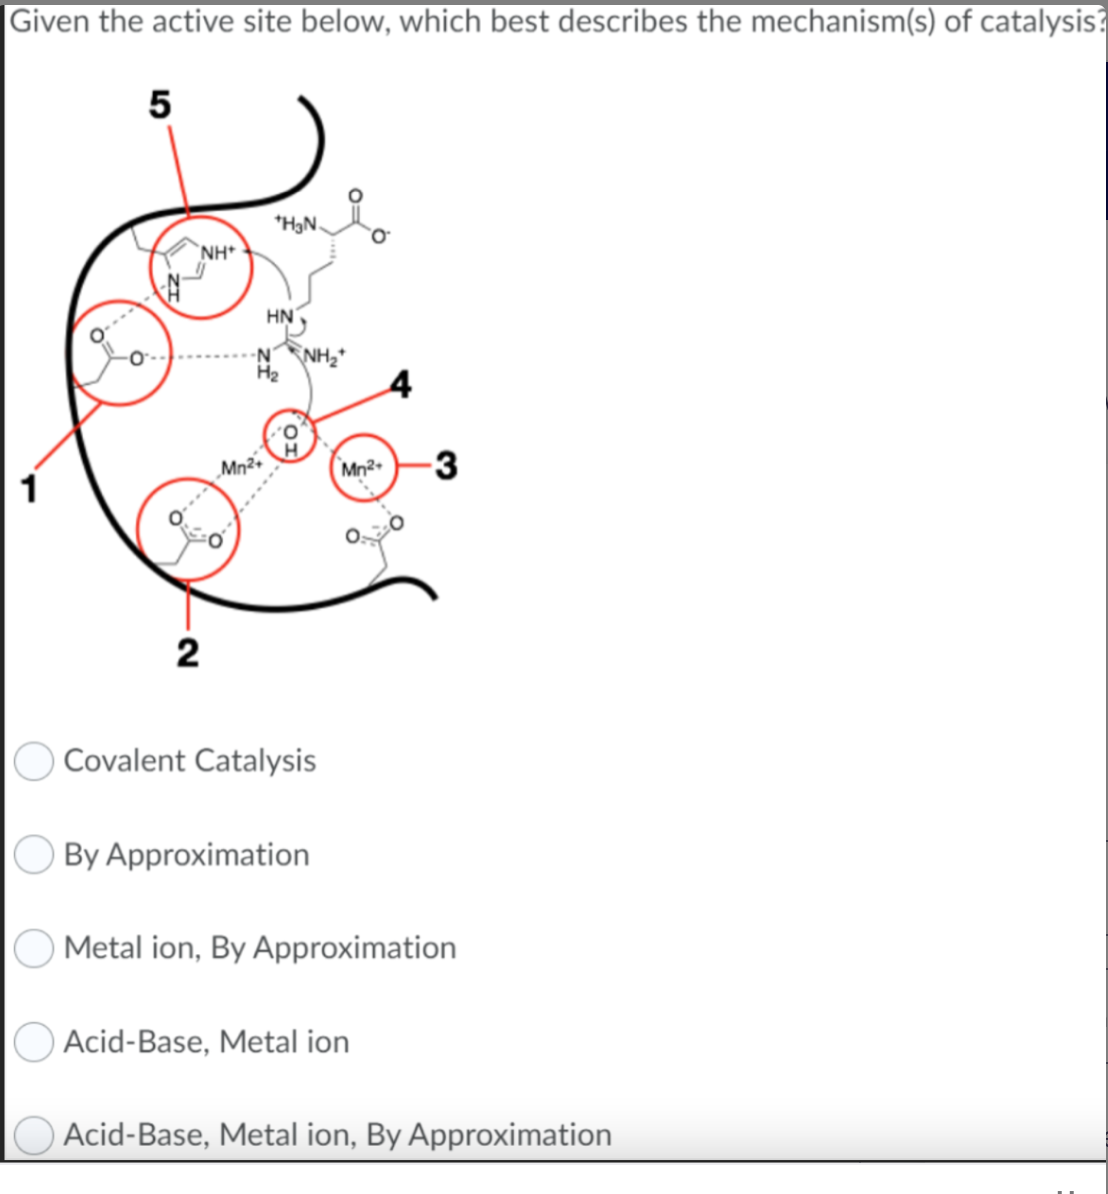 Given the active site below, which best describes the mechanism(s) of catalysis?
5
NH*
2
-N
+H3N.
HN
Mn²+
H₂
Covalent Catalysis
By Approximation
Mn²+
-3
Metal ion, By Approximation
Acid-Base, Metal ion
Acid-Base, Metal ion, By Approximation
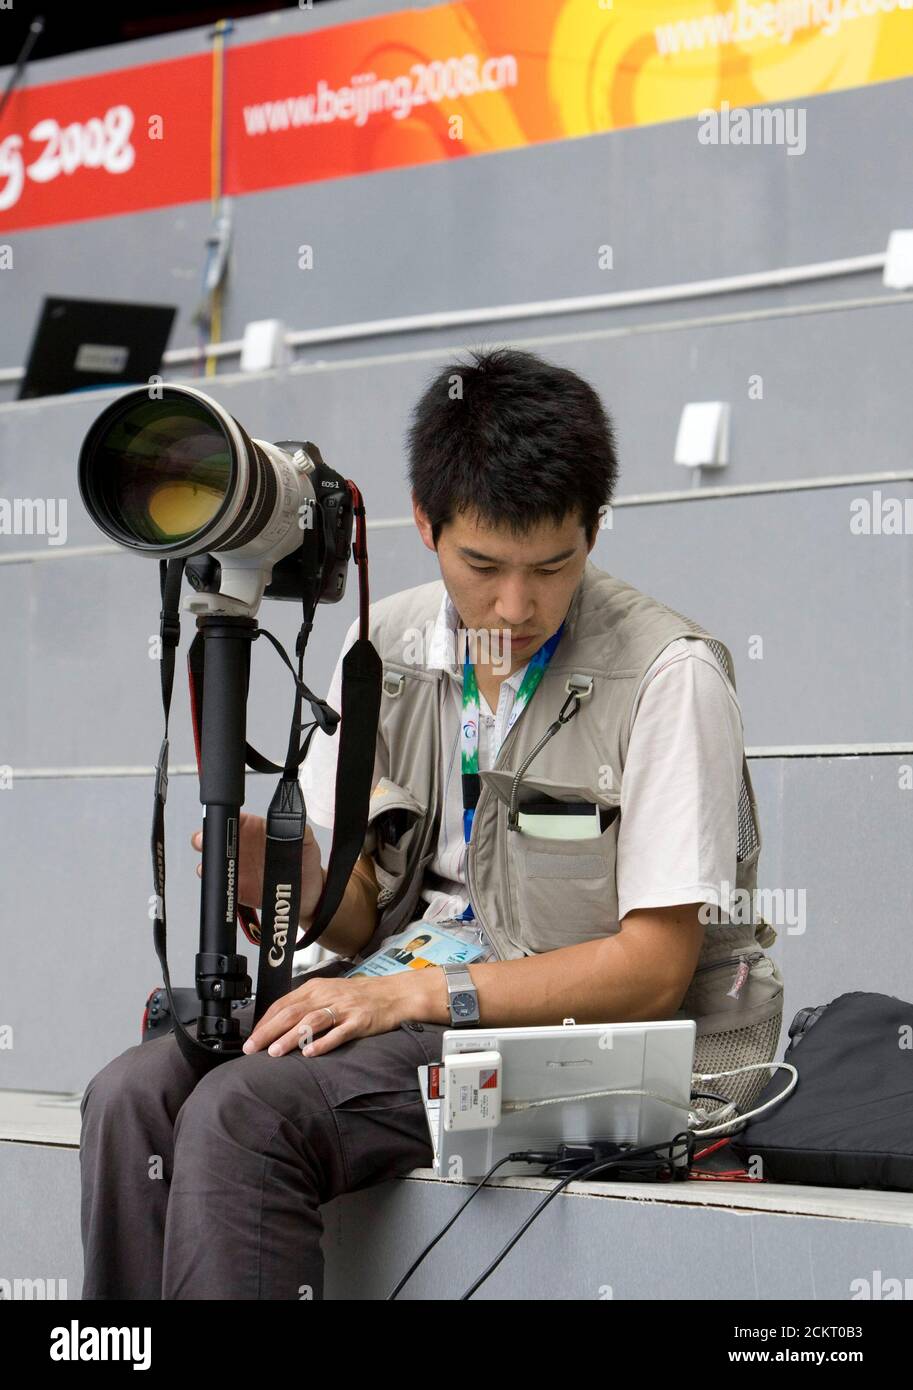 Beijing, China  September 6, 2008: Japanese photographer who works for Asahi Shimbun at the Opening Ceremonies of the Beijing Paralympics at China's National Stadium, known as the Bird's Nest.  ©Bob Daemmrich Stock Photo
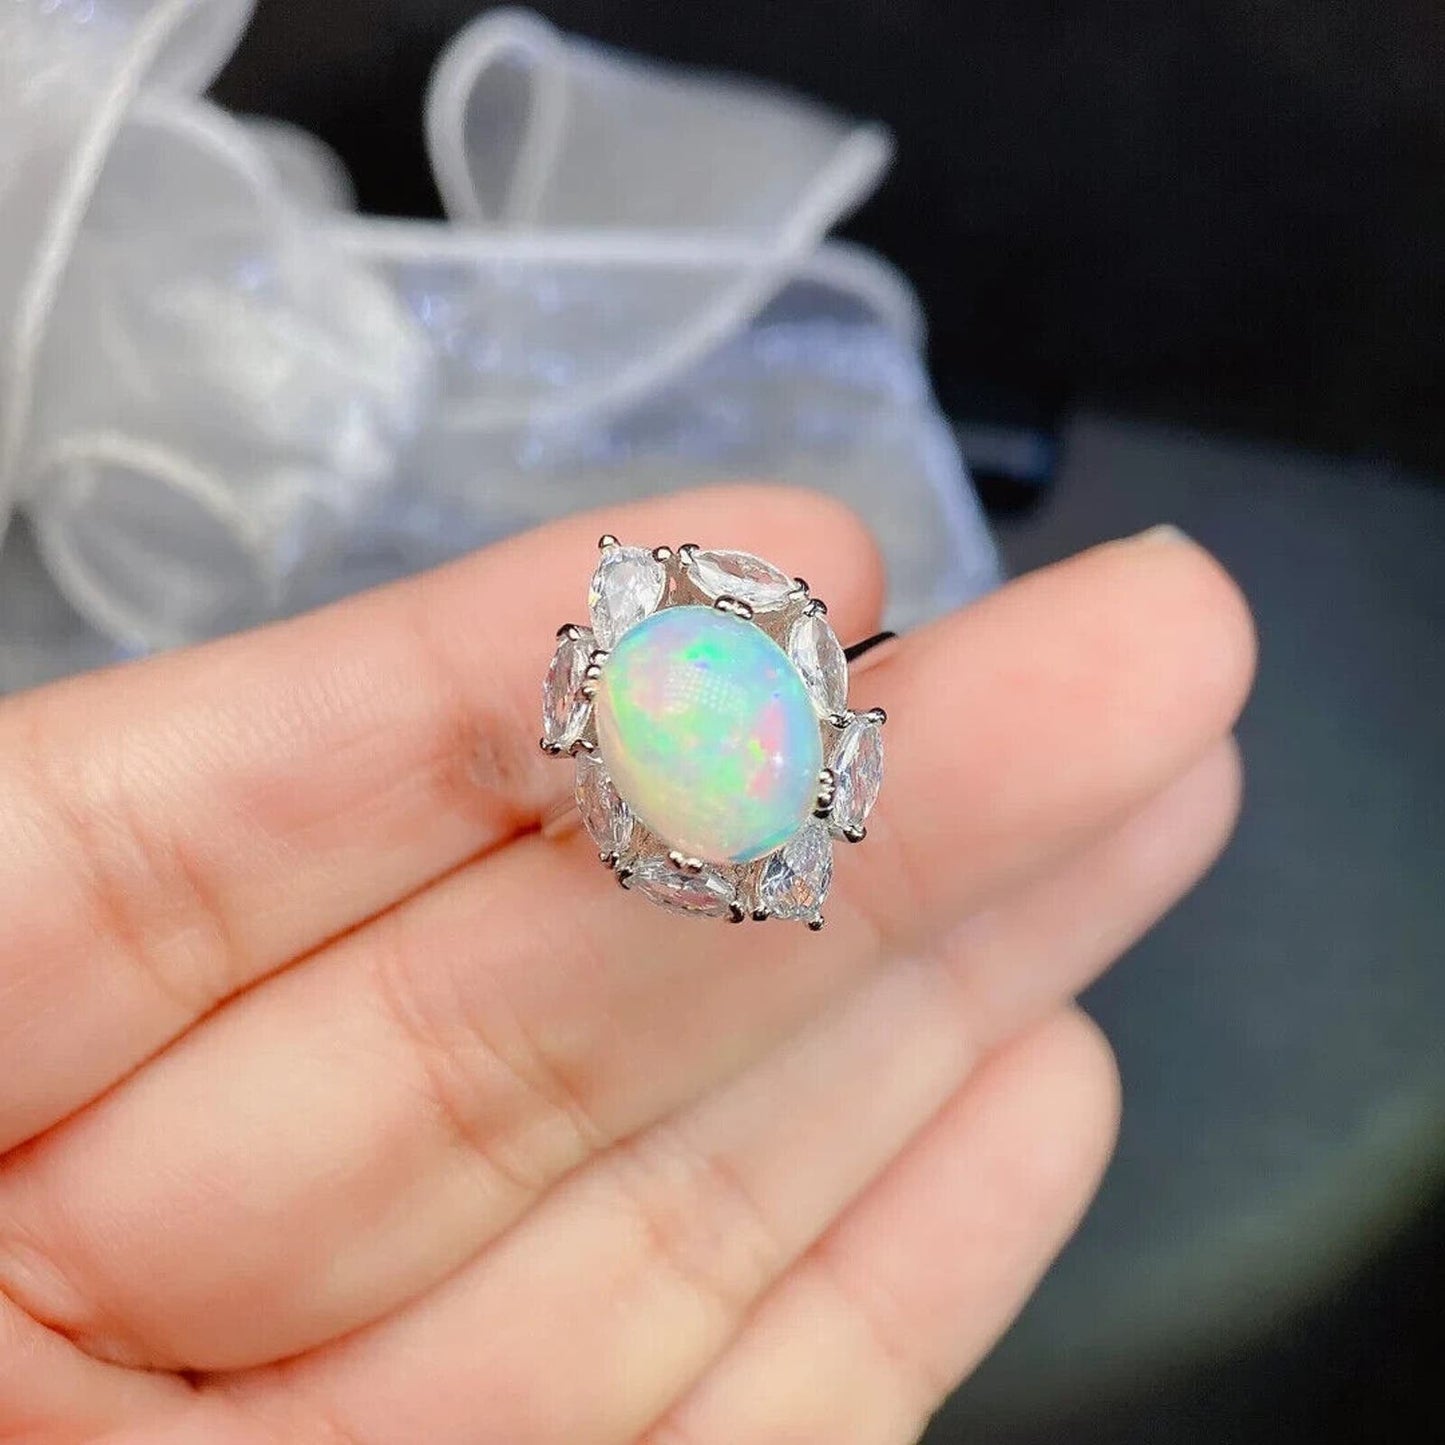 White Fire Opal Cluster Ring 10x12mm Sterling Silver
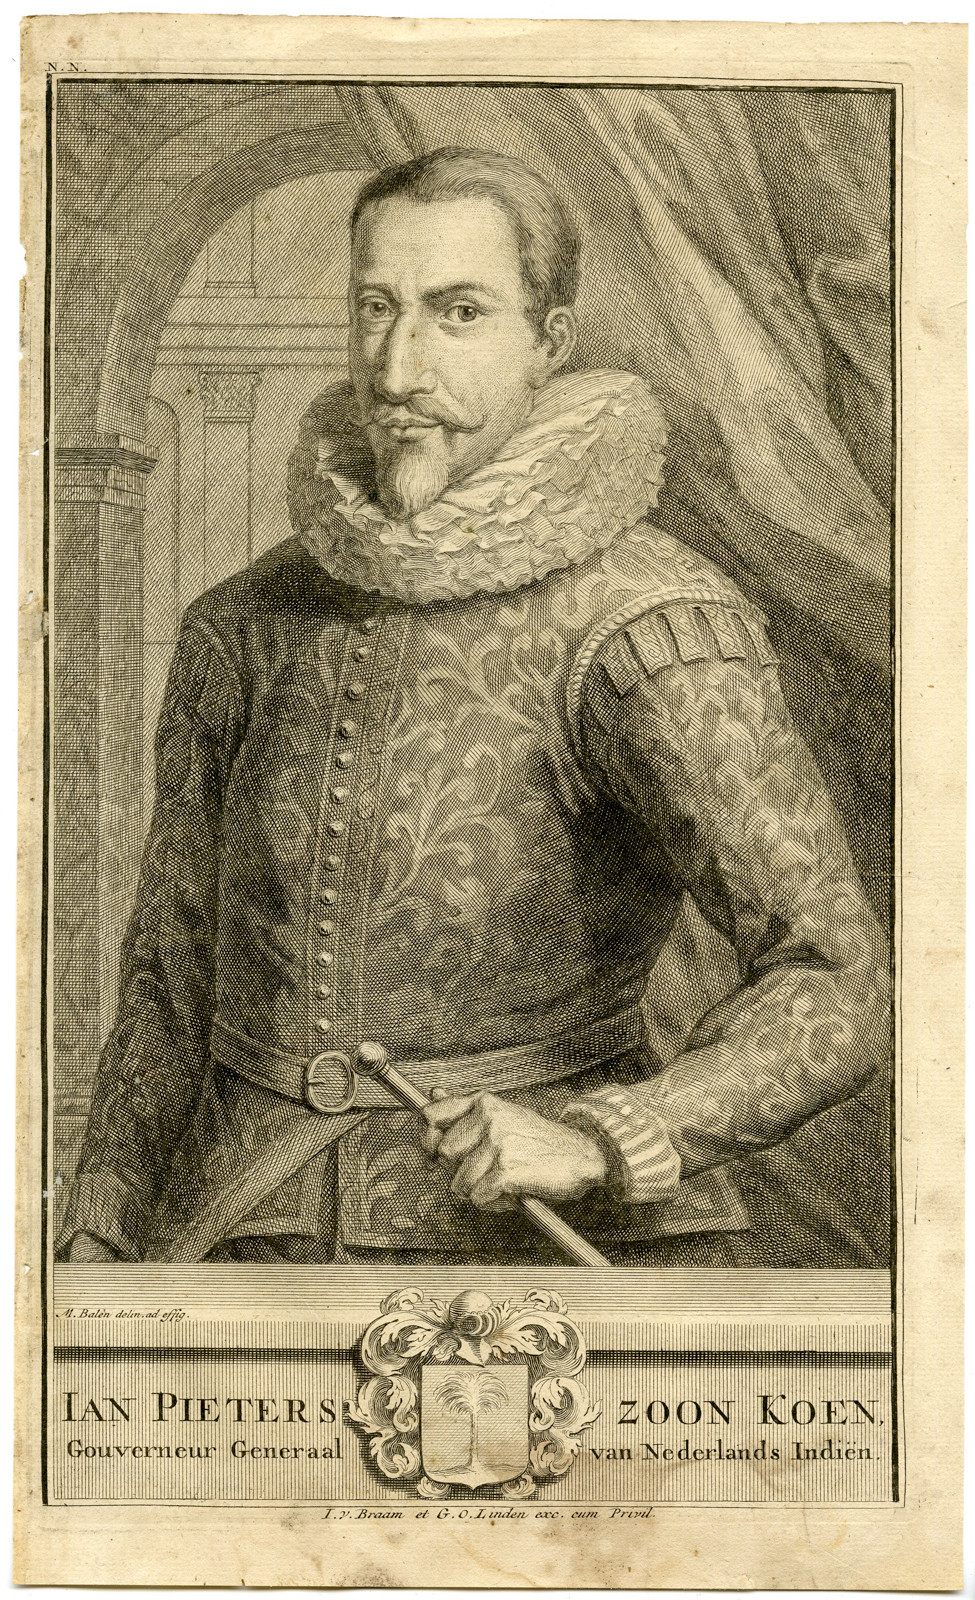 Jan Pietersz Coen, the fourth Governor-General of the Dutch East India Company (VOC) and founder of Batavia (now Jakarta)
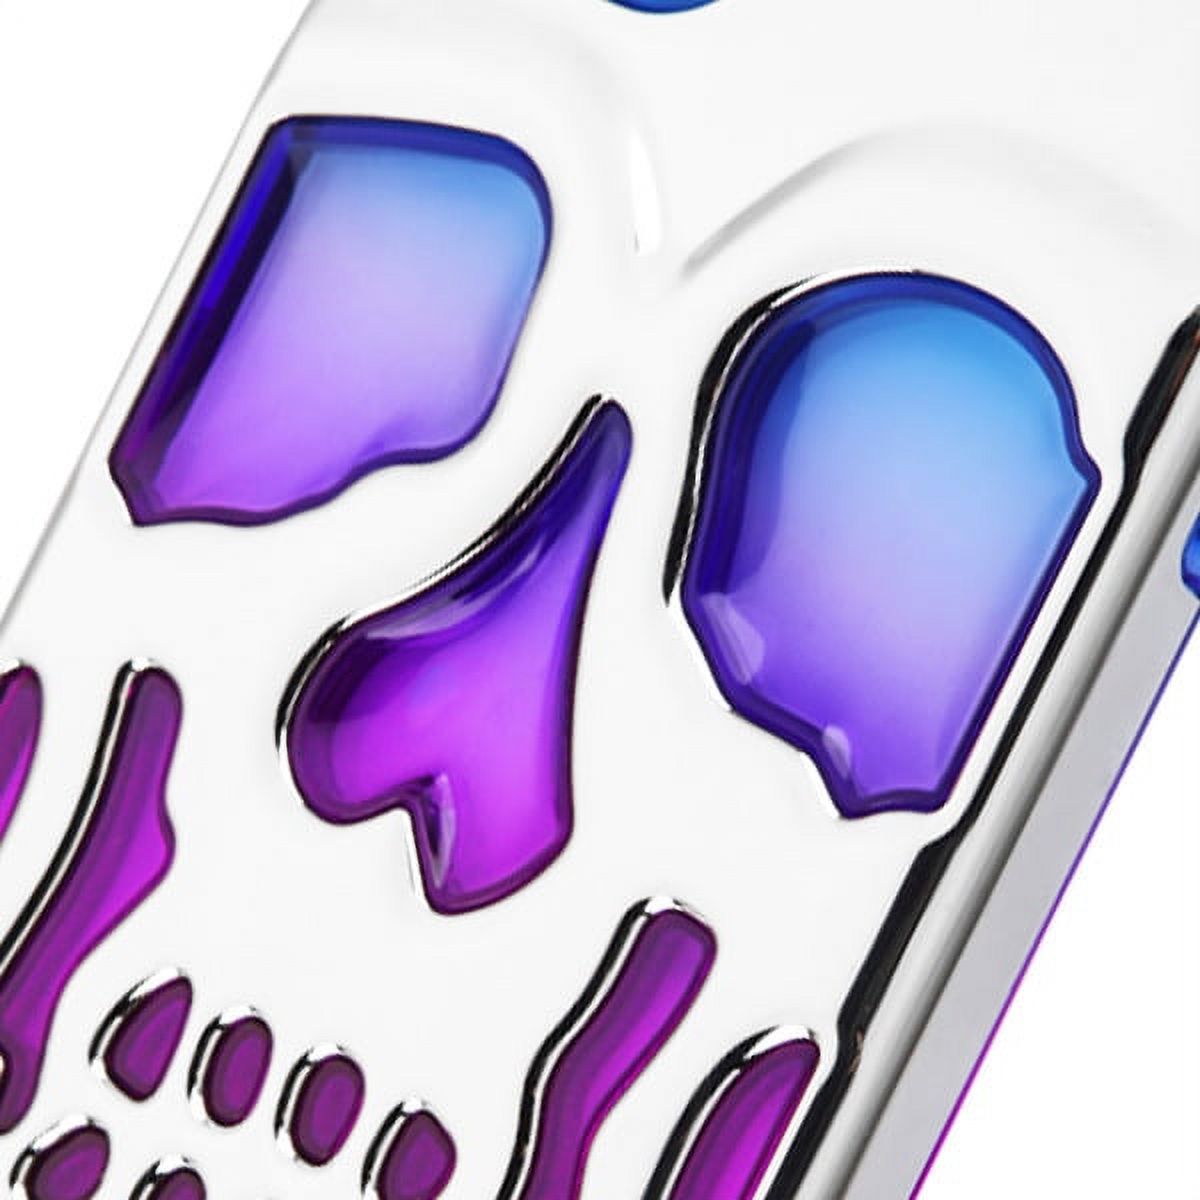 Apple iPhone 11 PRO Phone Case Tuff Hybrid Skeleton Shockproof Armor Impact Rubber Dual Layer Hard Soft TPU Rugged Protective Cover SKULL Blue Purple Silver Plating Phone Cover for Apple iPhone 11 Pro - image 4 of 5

■ ■ ■ ■ ■

## [AIM OF THE TASK]
Print every entry verbatim and leave all pictures out.

## [RESULT FOR THIS EXERCISE]
 Given the active site below, which best describes the mechanism(s) of catalysis?
5
NH*
2
-N
+H3N.
HN
Mn²+
H₂
Covalent Catalysis
By Approximation
Mn²+
-3
Metal ion, By Approximation
Acid-Base, Metal ion
Acid-Base, Metal ion, By Approximation
 Beijing, China  September 6, 2008: Japanese photographer who works for Asahi Shimbun at the Opening Ceremonies of the Beijing Paralympics at China's National Stadium, known as the Bird's Nest.  ©Bob Daemmrich Stock Photo
 White Fire Opal Cluster Ring 10x12mm Sterling Silver
 Jan Pietersz Coen, the fourth Governor-General of the Dutch East India Company (VOC) and founder of Batavia (now Jakarta)
 Apple iPhone 11 PRO Phone Case Tuff Hybrid Skeleton Shockproof Armor Impact Rubber Dual Layer Hard Soft TPU Rugged Protective Cover SKULL Blue Purple Silver Plating Phone Cover for Apple iPhone 11 Pro - image 4 of 5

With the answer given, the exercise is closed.